Data provided:
■ ■ ■ ■

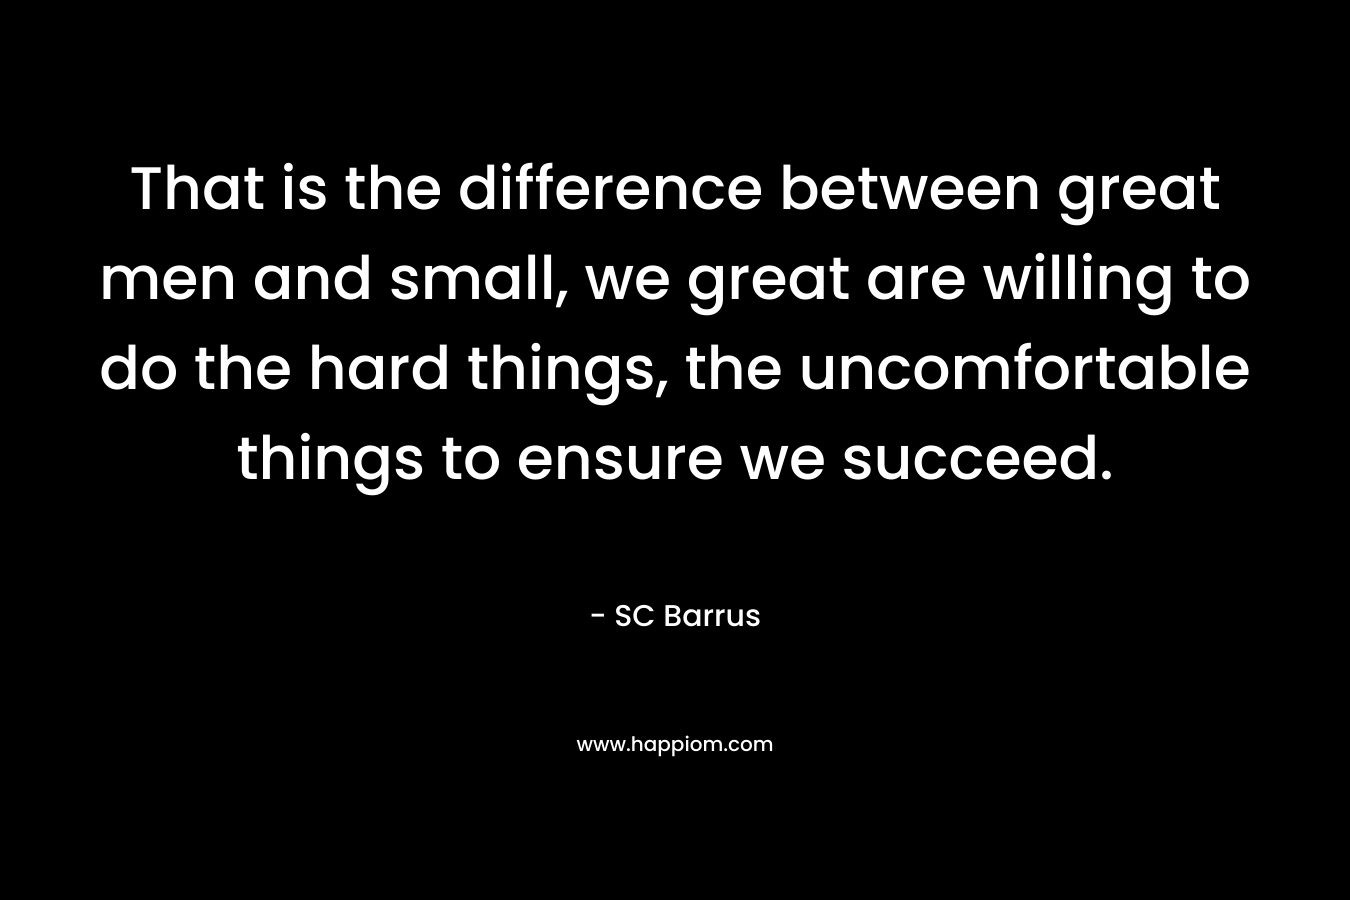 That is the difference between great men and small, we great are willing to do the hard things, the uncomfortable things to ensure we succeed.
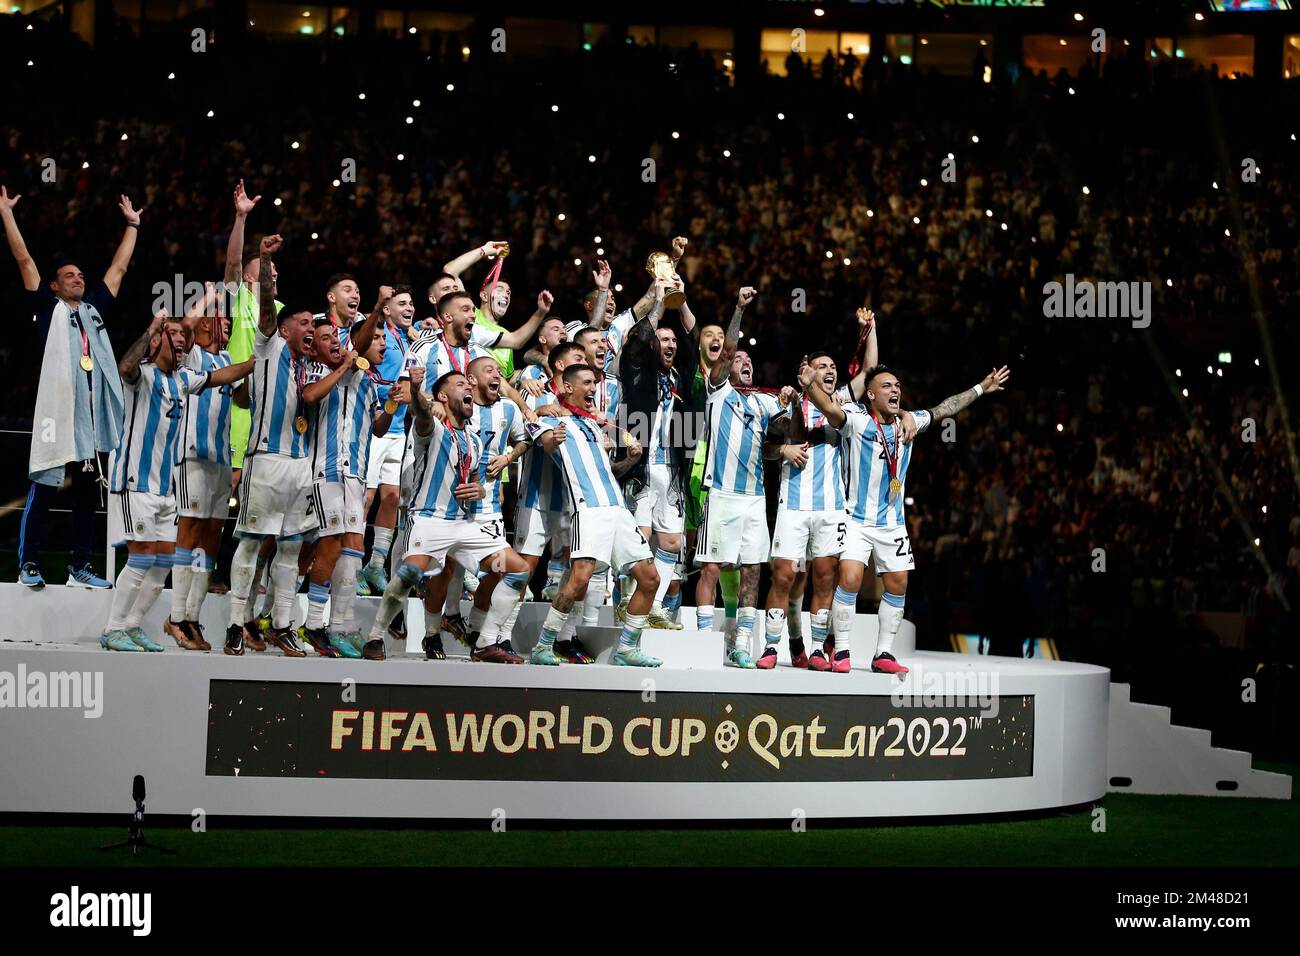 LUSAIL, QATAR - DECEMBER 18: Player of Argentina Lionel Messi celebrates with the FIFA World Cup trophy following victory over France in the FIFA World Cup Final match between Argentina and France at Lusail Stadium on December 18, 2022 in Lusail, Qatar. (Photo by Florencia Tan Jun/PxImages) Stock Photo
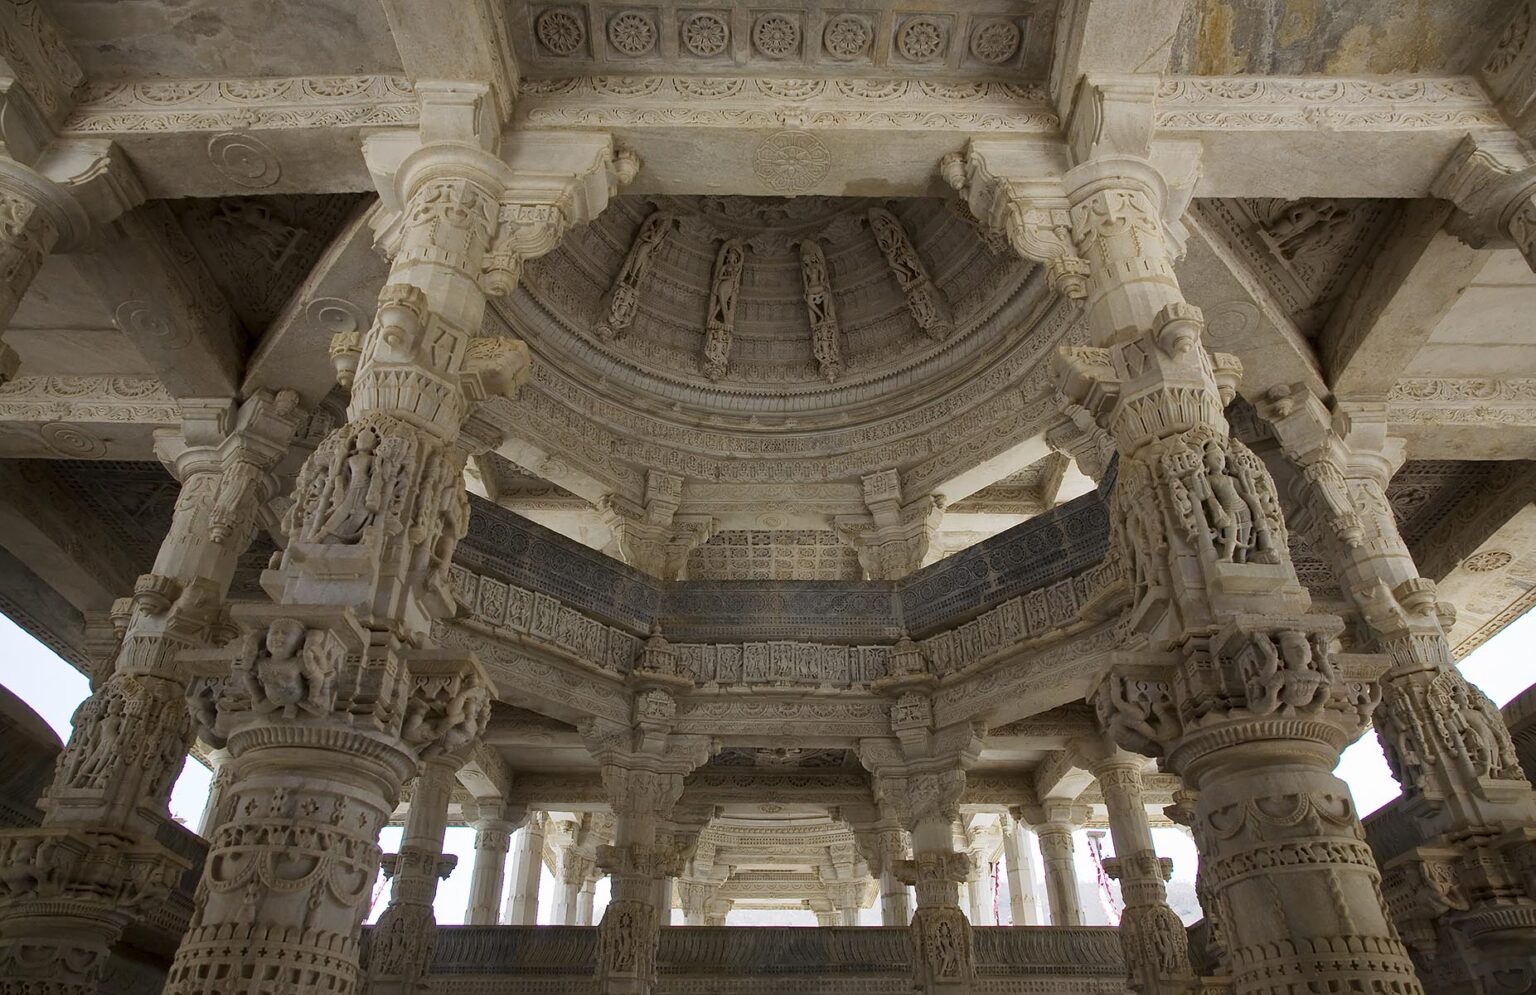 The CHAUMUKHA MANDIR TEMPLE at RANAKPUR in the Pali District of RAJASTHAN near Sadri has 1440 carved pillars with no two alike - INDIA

■ ■ ■ ■

Directions:
Restate the listing word for word, pictures excluded.

Answer to this task:
 That is the difference between great men and small, we great are willing to do the hard things, the uncomfortable things to ensure we succeed.
 LUSAIL, QATAR - DECEMBER 18: Player of Argentina Lionel Messi celebrates with the FIFA World Cup trophy following victory over France in the FIFA World Cup Final match between Argentina and France at Lusail Stadium on December 18, 2022 in Lusail, Qatar. (Photo by Florencia Tan Jun/PxImages) Stock Photo
 The CHAUMUKHA MANDIR TEMPLE at RANAKPUR in the Pali District of RAJASTHAN near Sadri has 1440 carved pillars with no two alike - INDIA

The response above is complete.